Extracted data entries:
▼

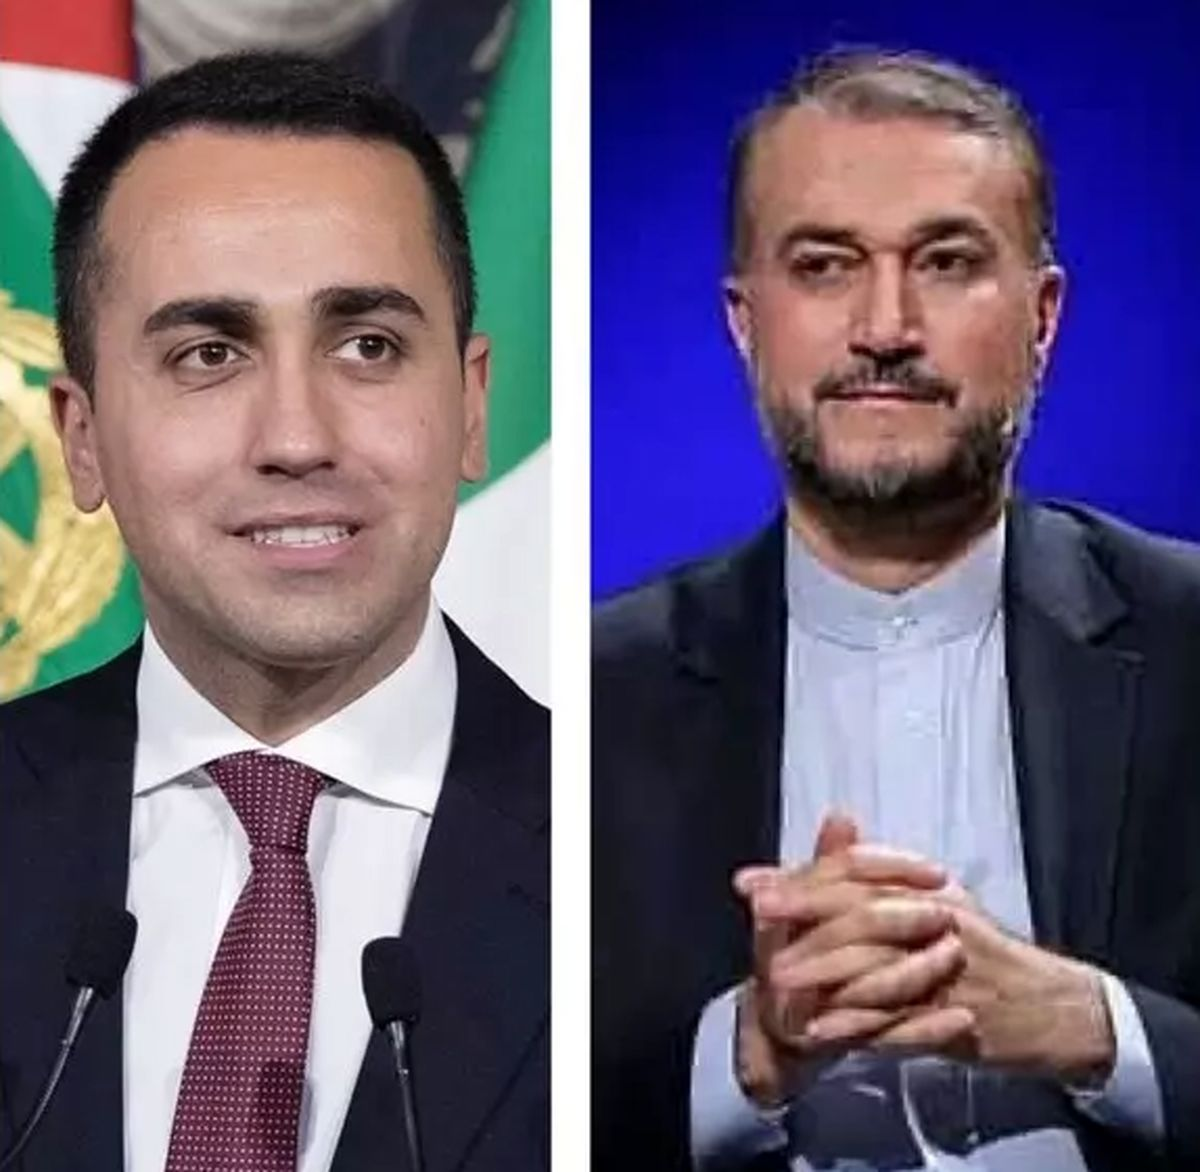 پیام تبریک وزیر خارجه ایتالیا به امیرعبداللهیان
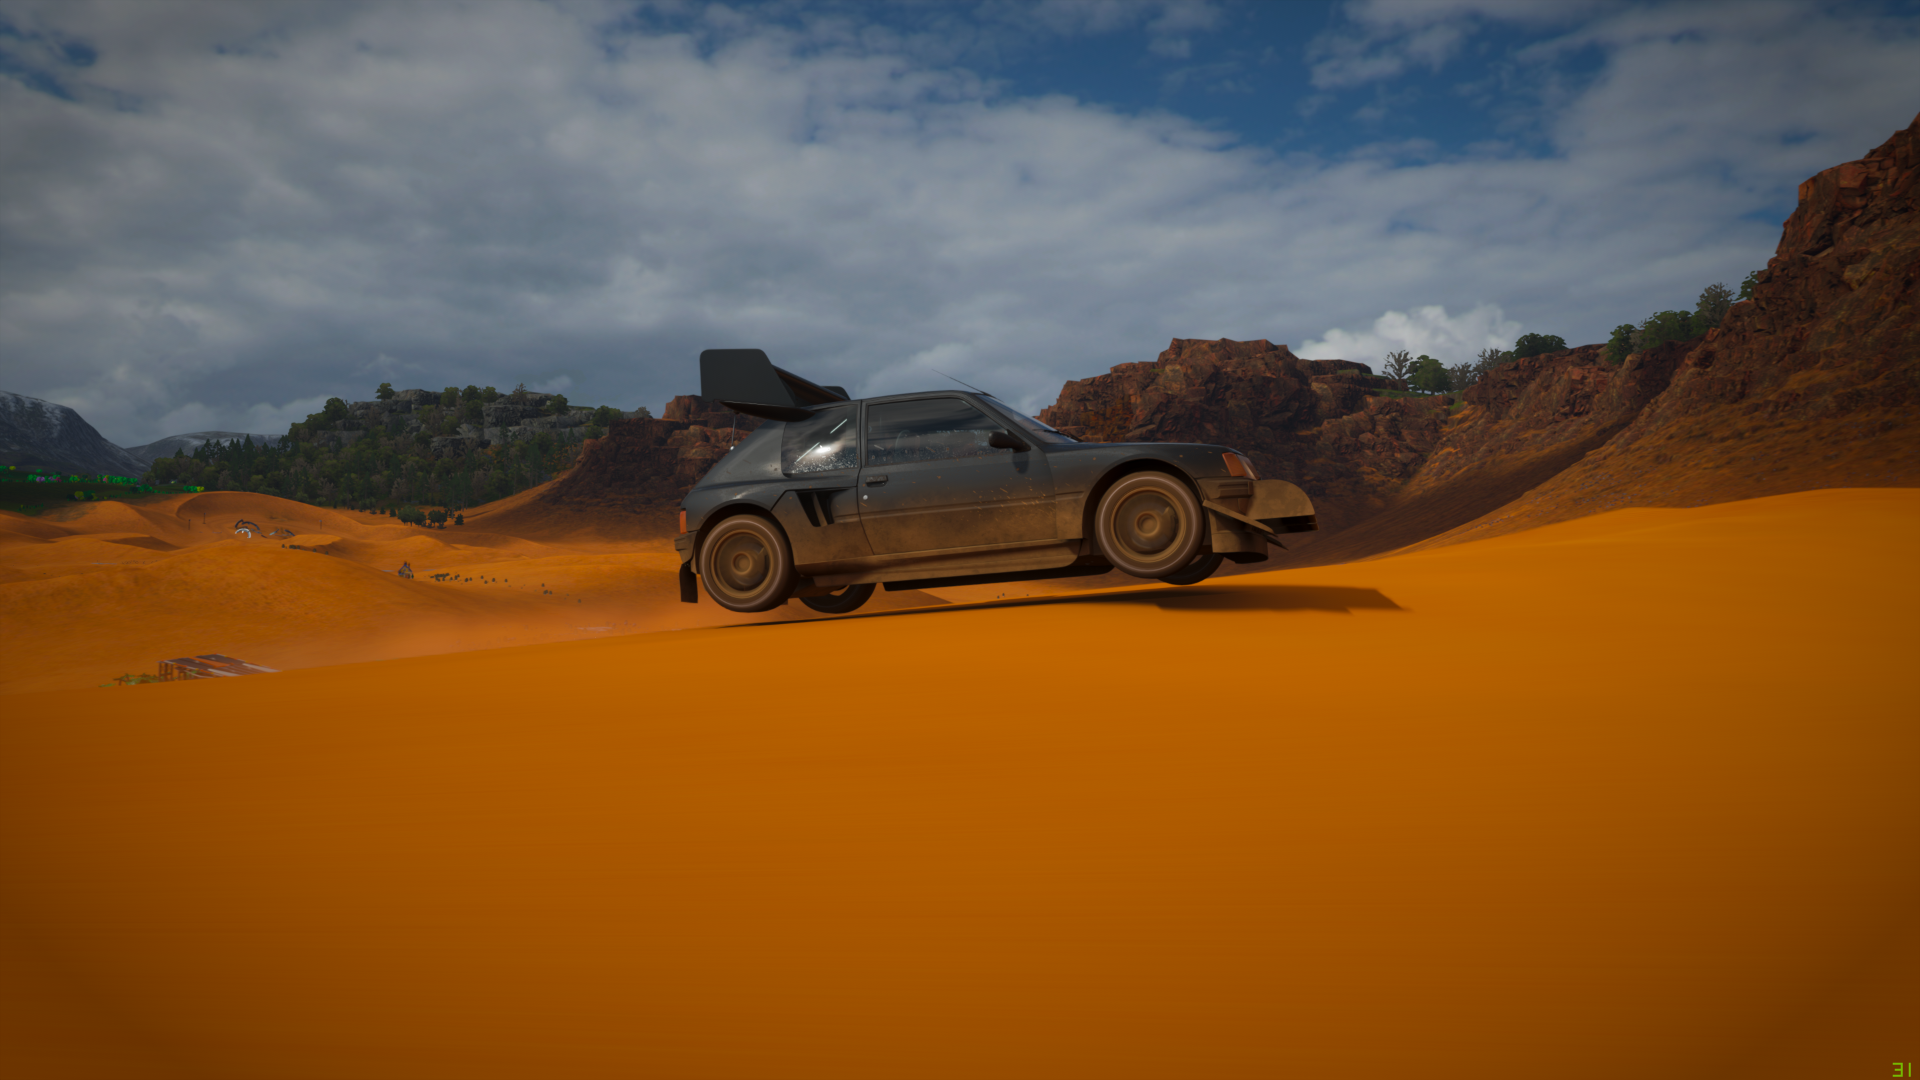 Forza Horizon 4 26.08.2019 22_33_29.png - Forza Horizon 4
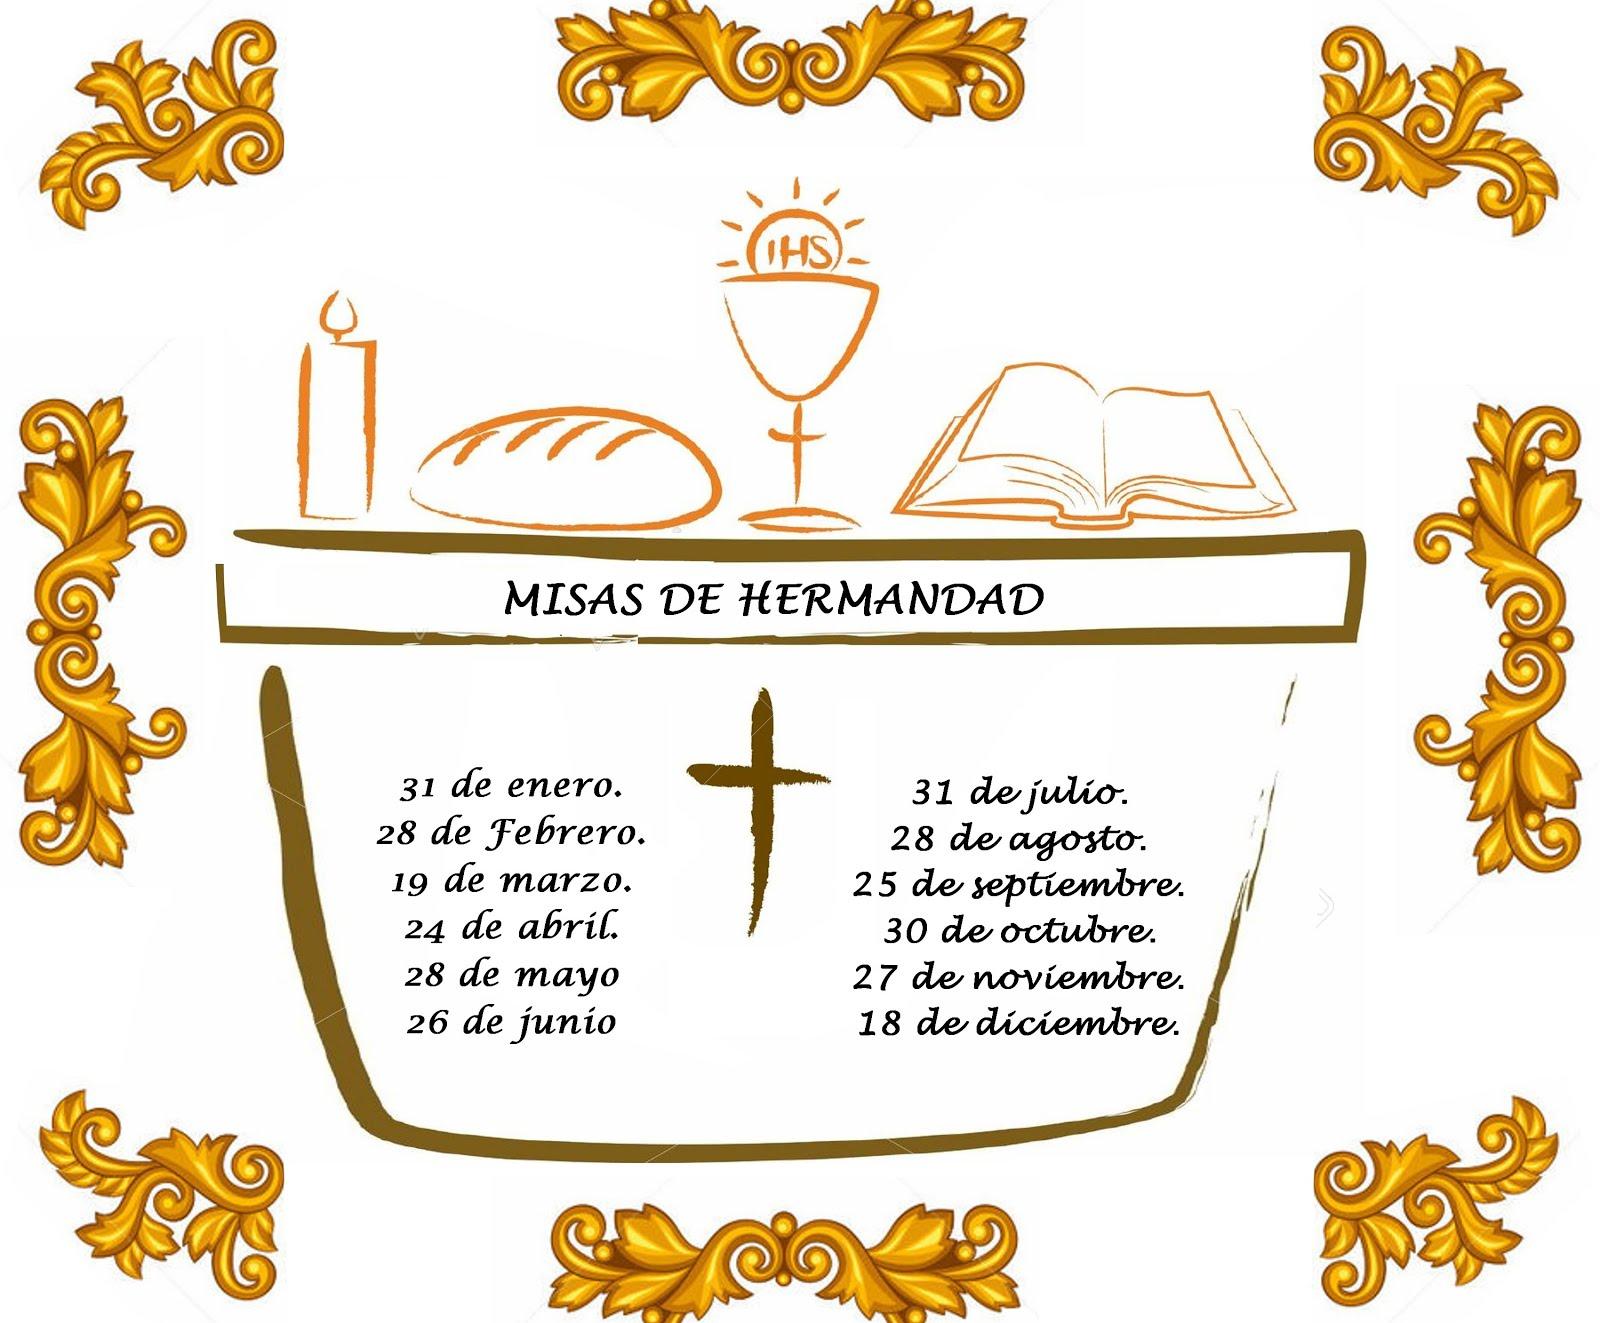 MISAS DE HERMANDAD
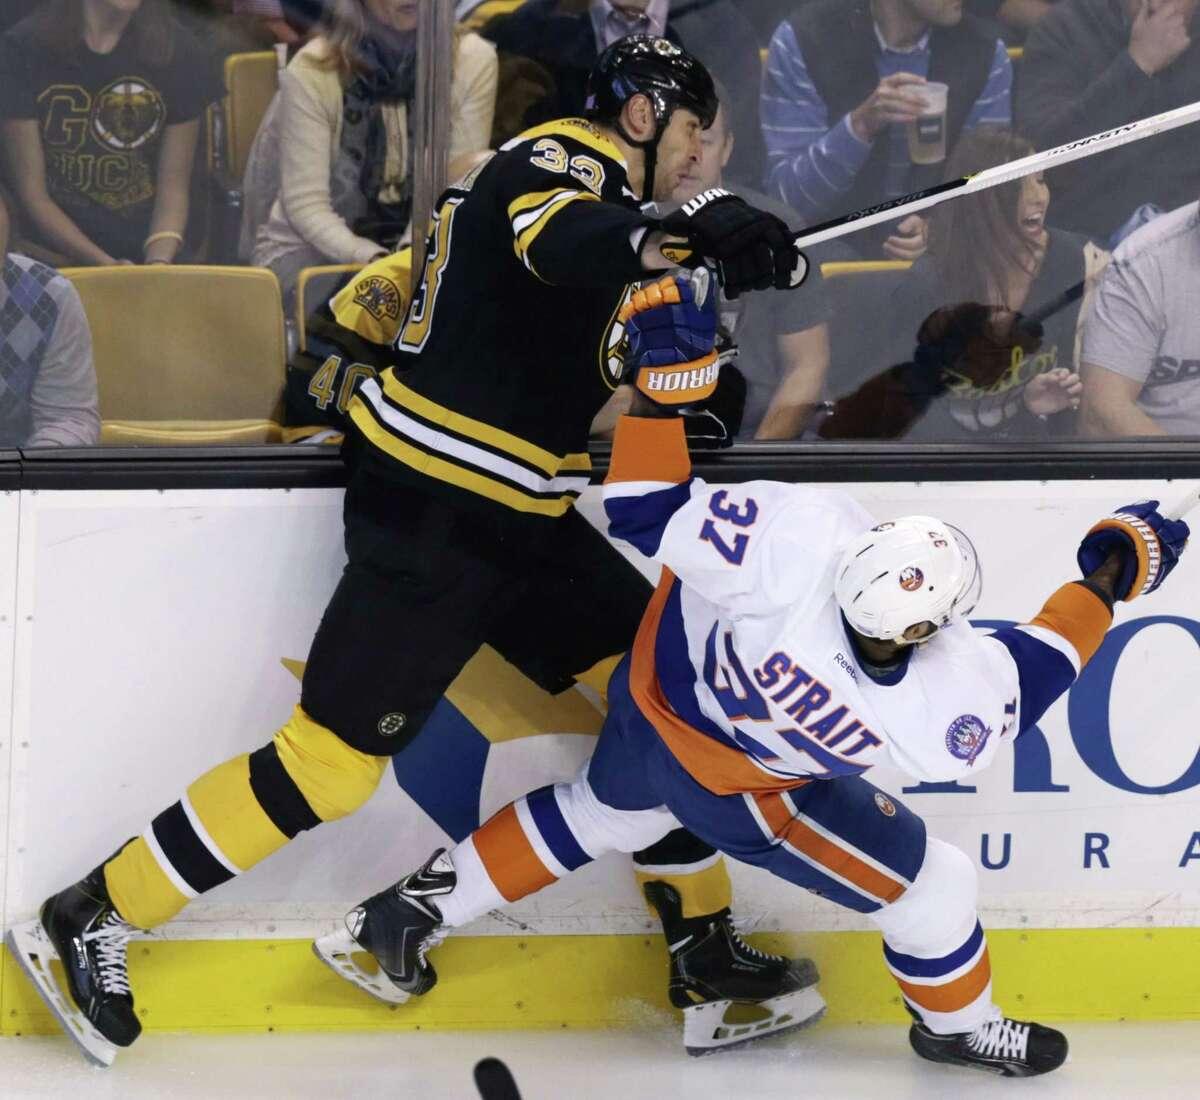 New York Islanders defenseman Brian Strait (37) collides with Bruins defenseman Zdeno Chara during the first period of Thursday night's game in Boston.
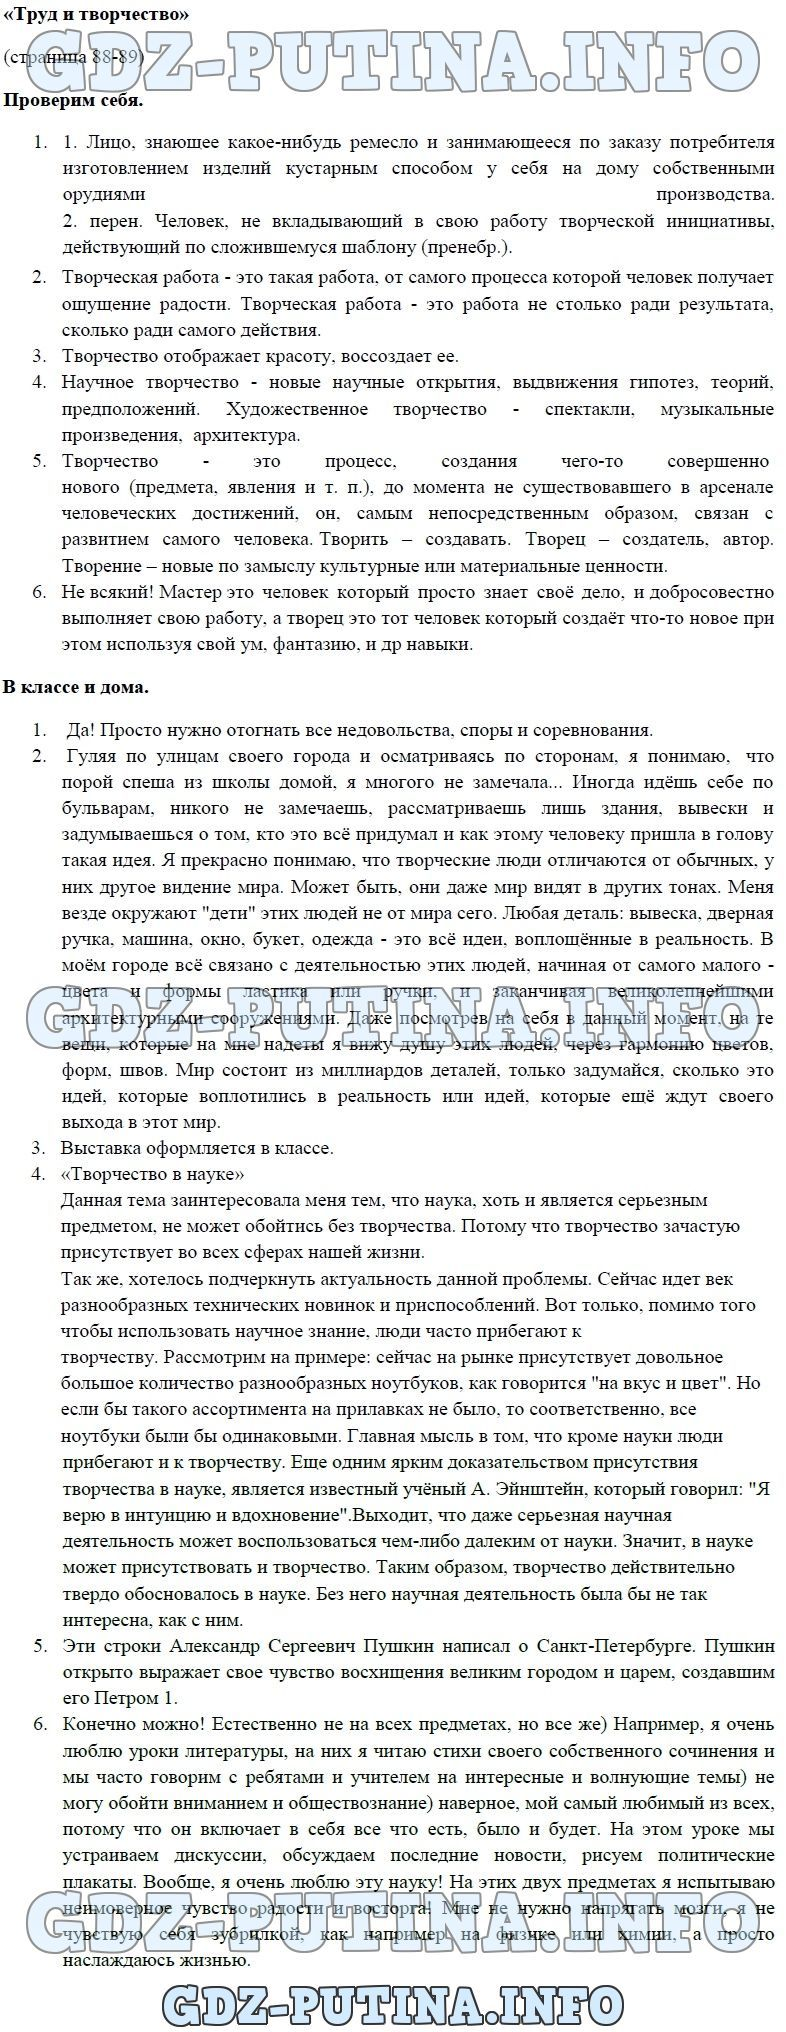 Химия класс гдз к учебнику минченкова

▲

• **Exercise details**: Keep the pictures out, and write out the rest of the data above word for word.

• **Answer below**:
 پیام تبریک وزیر خارجه ایتالیا به امیرعبداللهیان
 Forza Horizon 4 26.08.2019 22_33_29.png - Forza Horizon 4
 MISAS DE HERMANDAD
 New York Islanders defenseman Brian Strait (37) collides with Bruins defenseman Zdeno Chara during the first period of Thursday night's game in Boston.
 Химия класс гдз к учебнику минченкова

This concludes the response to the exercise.